In the entries below, find the line with "American Portrait of" and the line with "Aircraft Data Infographic", then retype both and everything between them exactly. Do not copy the pictures.

=== INFORMATION ===
____
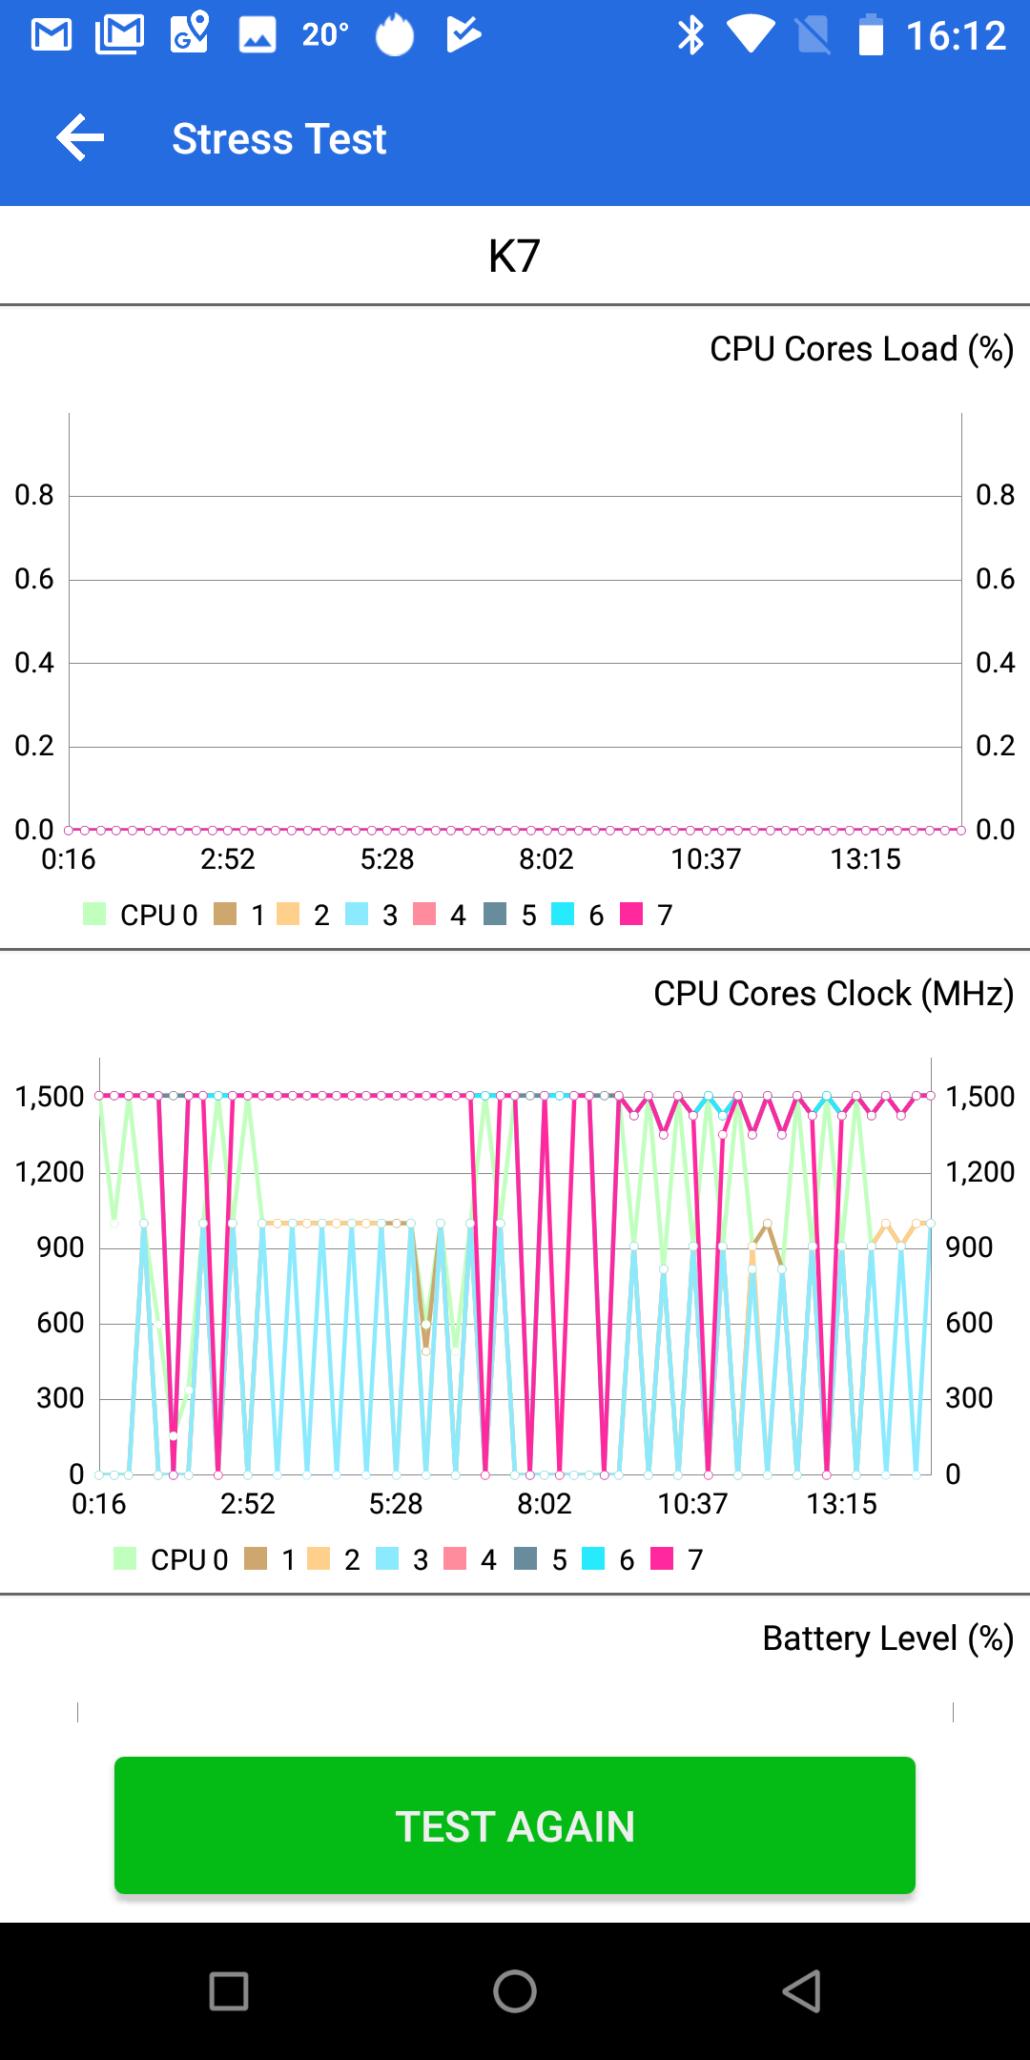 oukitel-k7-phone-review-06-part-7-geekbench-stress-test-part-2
____
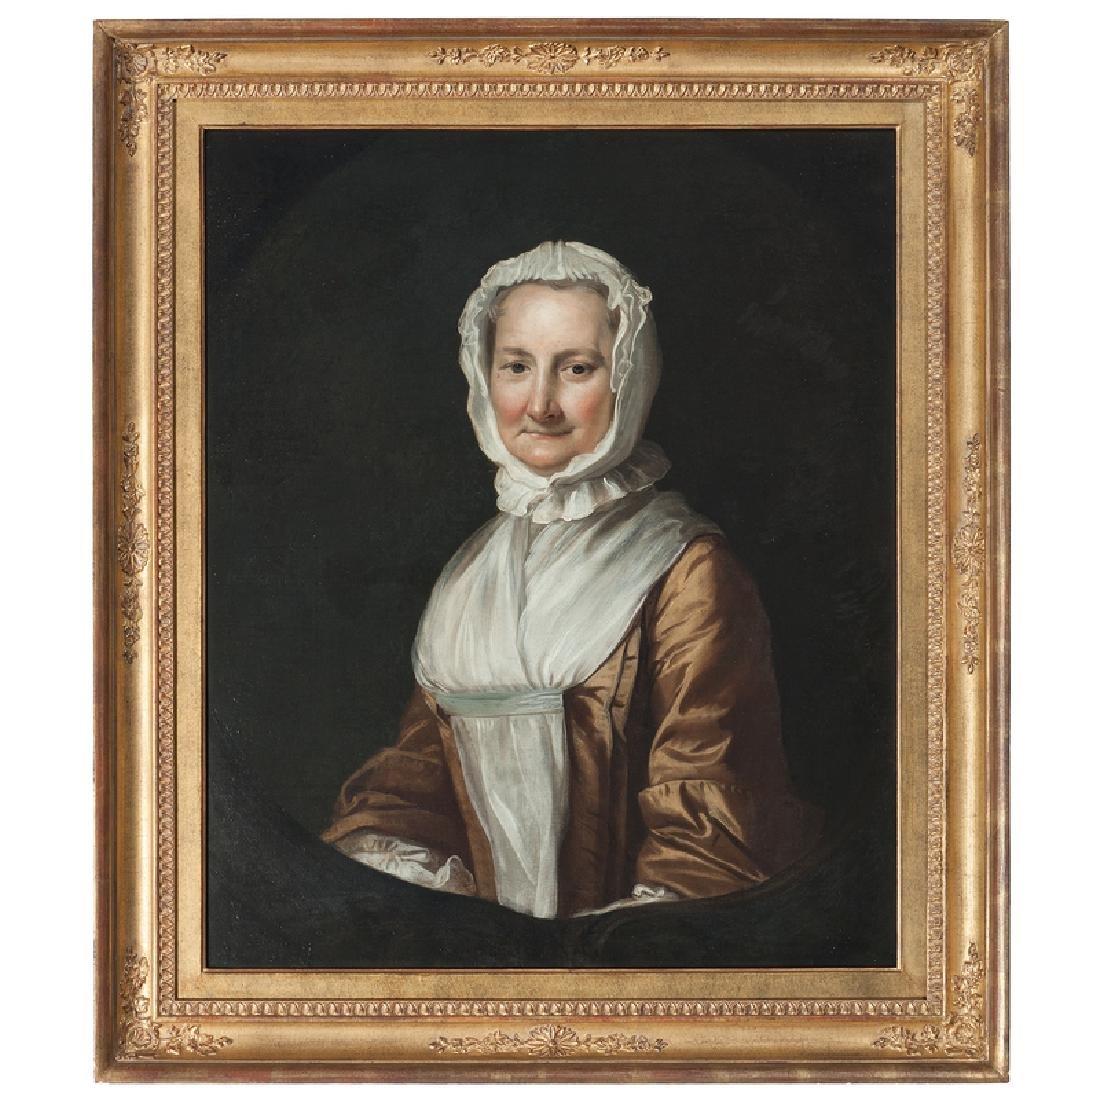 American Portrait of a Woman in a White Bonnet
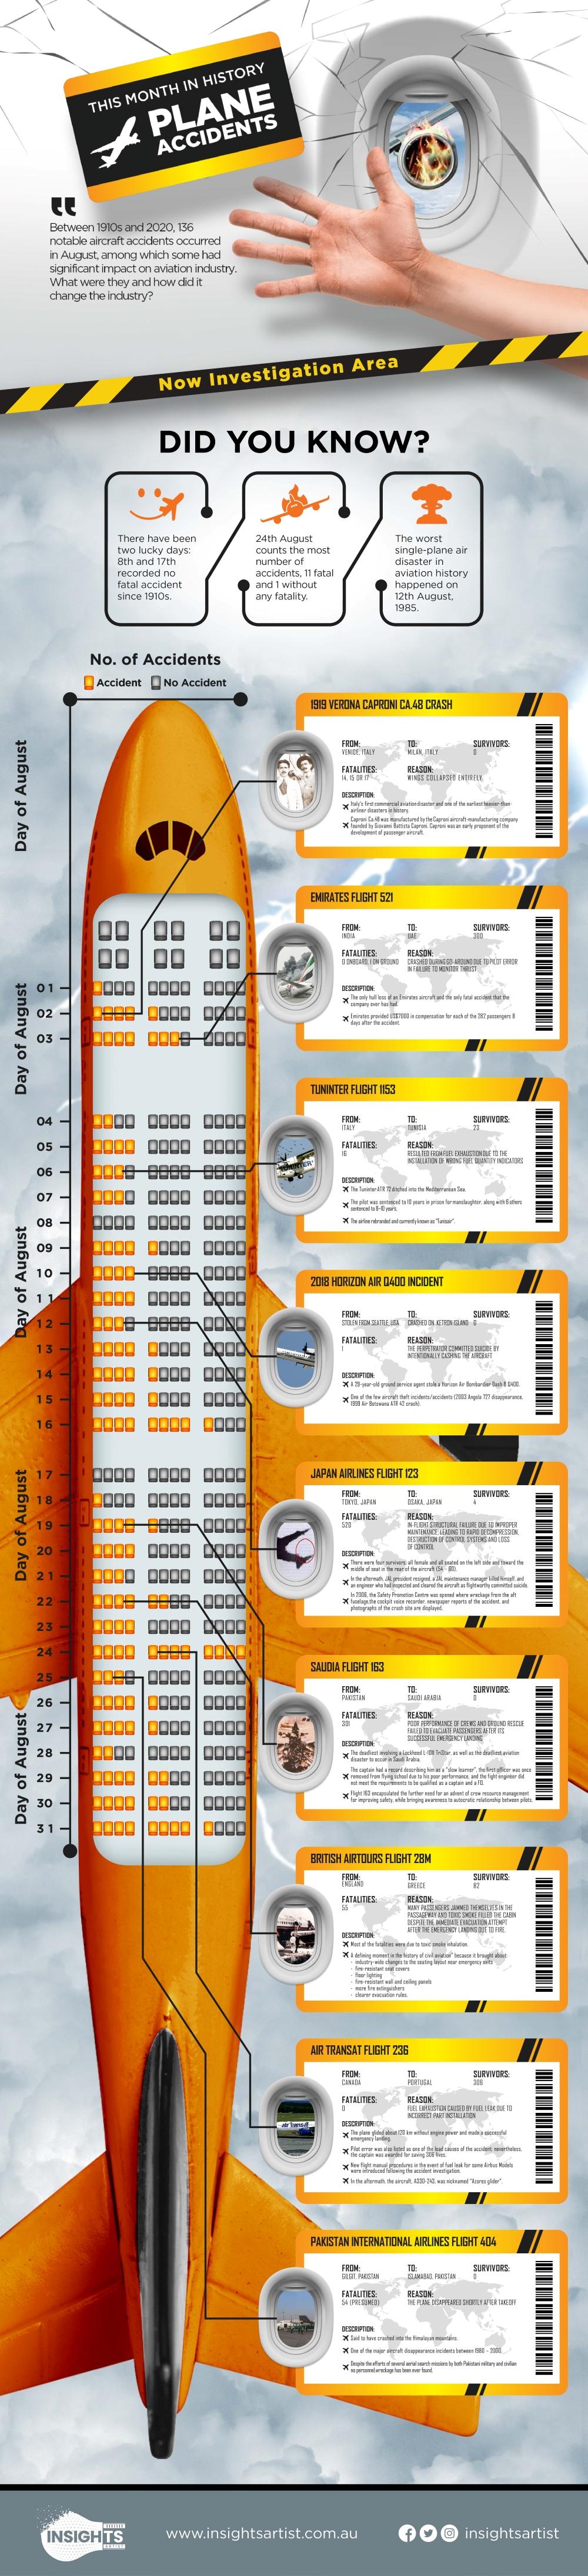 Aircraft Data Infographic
____
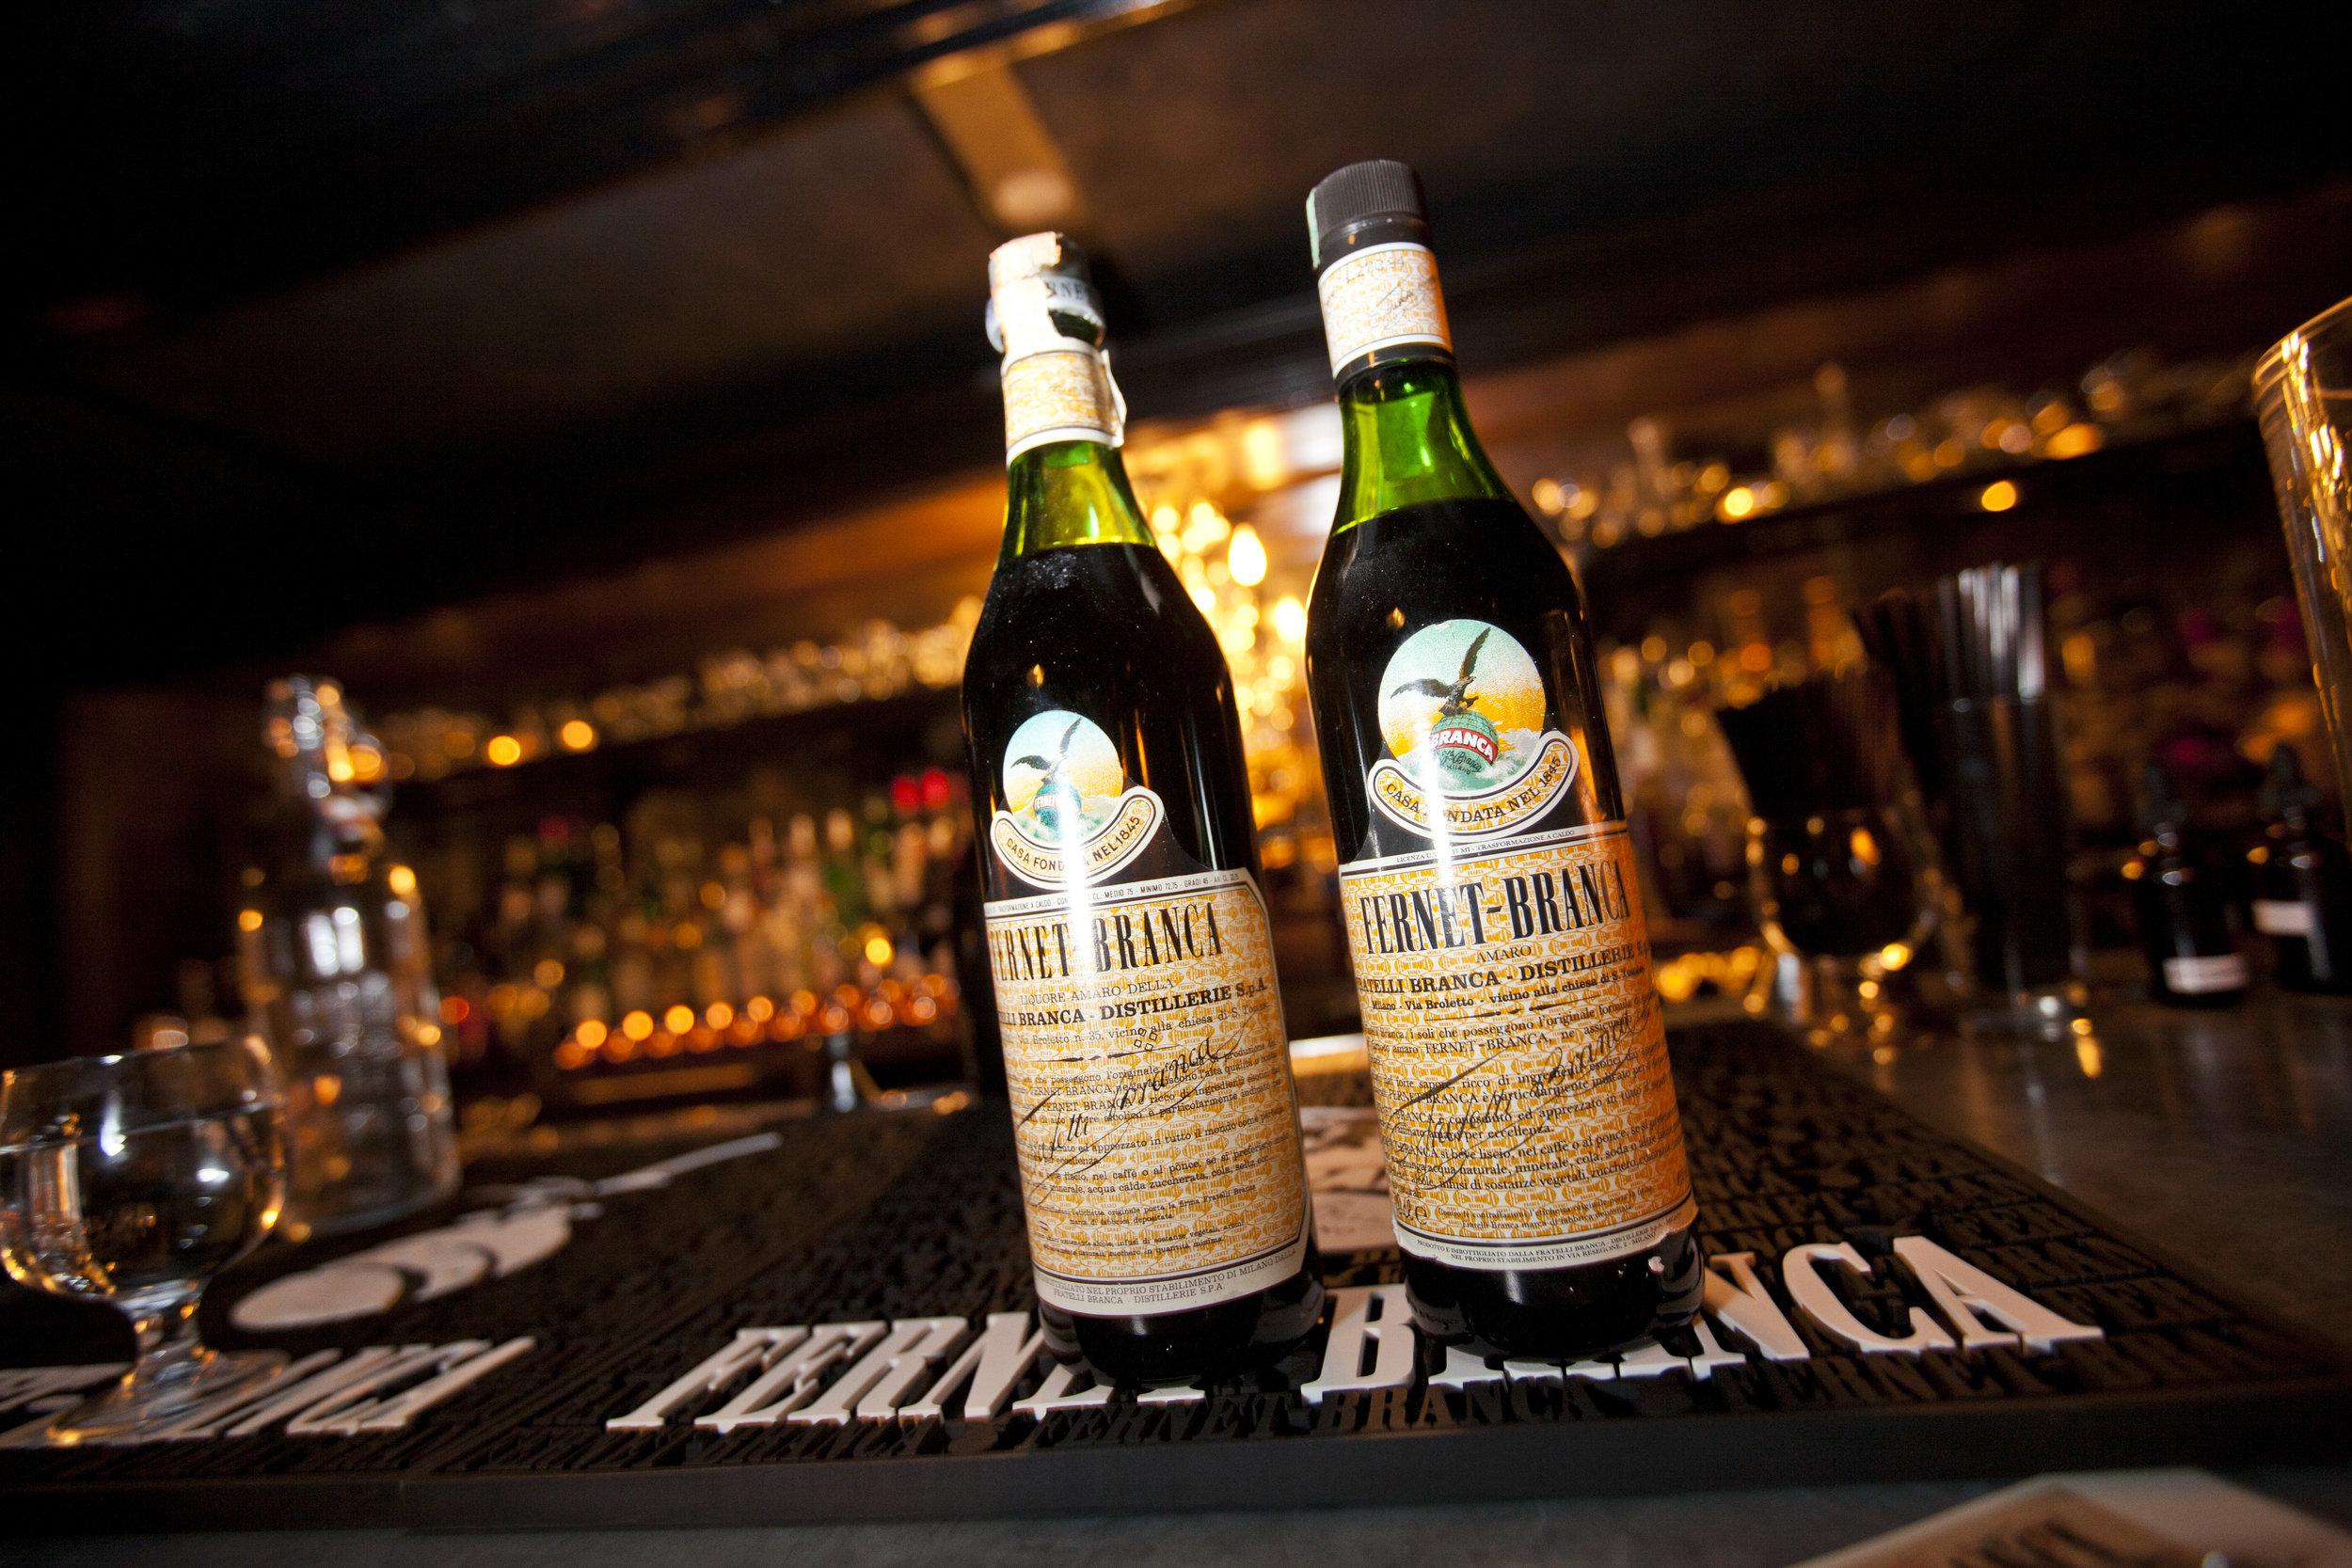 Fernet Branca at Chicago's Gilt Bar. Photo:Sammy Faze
____
=== FINAL ANSWER ===
 American Portrait of a Woman in a White Bonnet
 Aircraft Data Infographic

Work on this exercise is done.